Dr. D'Ambrosio received a research grant from Università degli Studi di Milano (FSE, Regione Lombardia).
- Issue published online: 25 JUL 2012
- Article first published online: 2 JUL 2012
- Accepted manuscript online: 23 JAN 2012 07:02AM EST
- Manuscript Accepted: 7 JAN 2012
- Manuscript Received: 14 OCT 2011
Although annular fibrosis is the hallmark of cirrhosis, other microscopic changes that affect liver function such as sinusoid capillarization or loss of metabolic zonation are common. A sustained virological response (SVR) may halt fibrosis deposition in hepatitis C virus (HCV)-infected patients, but its impact on the other cirrhosis-associated lesions is unknown.

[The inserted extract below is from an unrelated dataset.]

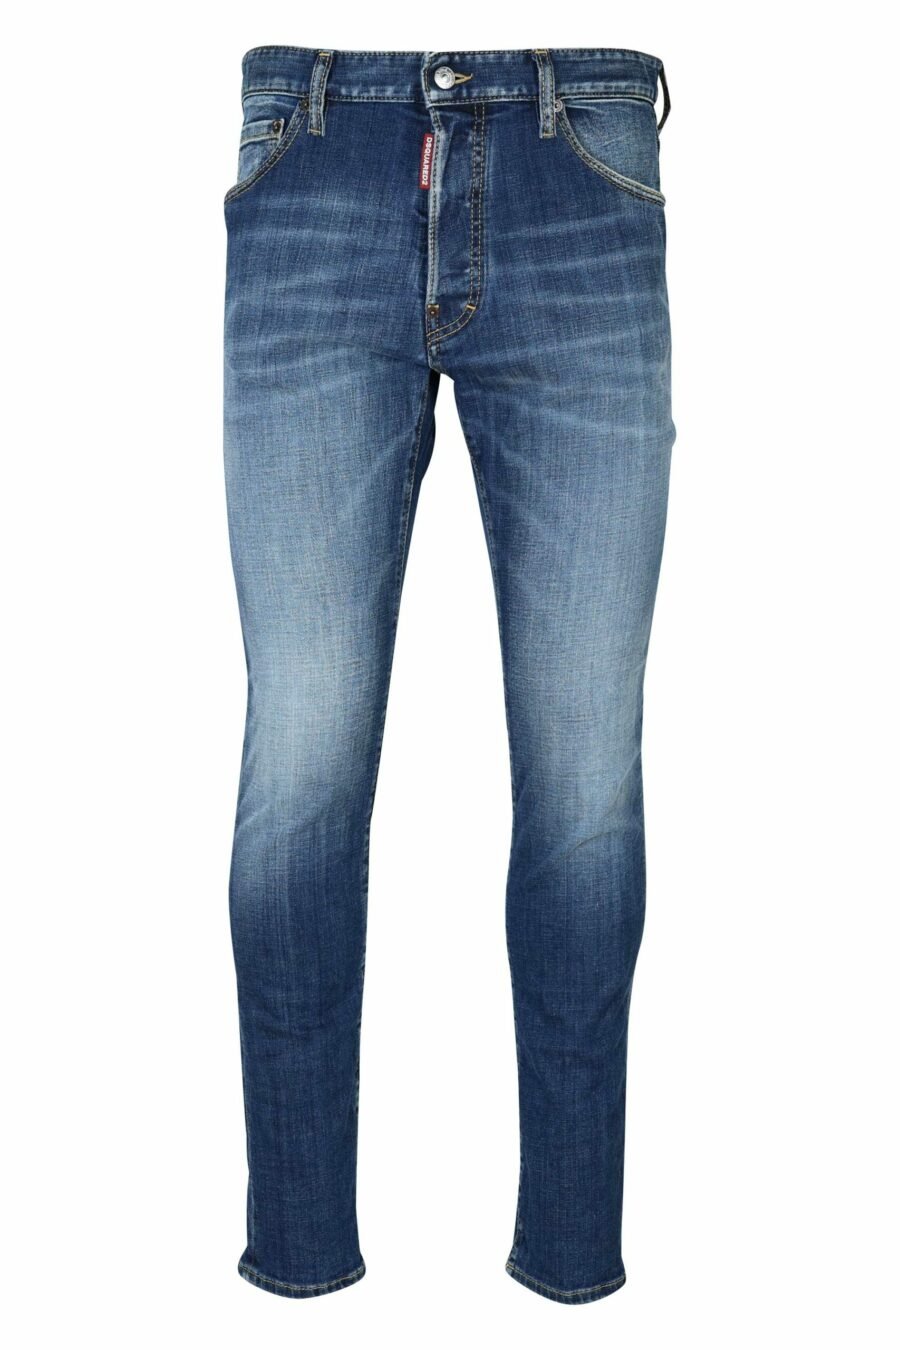 Pantalon bleu en denim semi-transparent "cool guy jean" - 8054148476557

The aim of this study was to assess the impact of an SVR on cirrhosis-related histopathological features. Paired pre- and posttreatment liver biopsies from 38 HCV patients with cirrhosis with an SVR were analyzed. Fibrosis was staged using the METAVIR scoring system, and the area of fibrosis was measured using morphometry. Ductular proliferation, metabolic zonation, sinusoid capillarization, and hepatic stellate cell activation were assessed by anti-cytokeratin-7, anti-glutamine synthetase (GS), anti-cytochrome P4502E1 (CYP2E1), anti-CD34, and anti α-smooth muscle actin (αSMA). After 61 months from an SVR, cirrhosis regression was observed in 61%, and the collagen content decreased in 89%. Although periportal and lobular necroinflammation vanished, portal inflammation persisted in 66%. Ductular proliferation decreased in 92%. Before treatment, metabolic zonation was lost, as shown by GS and CYP2E1, in 71% and 88%, respectively, with normalization in 79% and 73%, after an SVR. Conversely, no changes in sinusoidal capillarization were observed after treatment, as assessed by CD34 (P = 0.41) and αSMA (P = 0.95). Finally, no differences in all the immunohistochemical scores emerged whether or not cirrhosis persisted. Conclusion: Cirrhosis regression and decreased fibrosis are frequently observed among HCV patients with cirrhosis with an SVR. Despite ductular proliferation vanishing and lobular zonation restoration, portal inflammation and sinusoidal capillarization may not regress after viral eradication. (HEPATOLOGY 2012)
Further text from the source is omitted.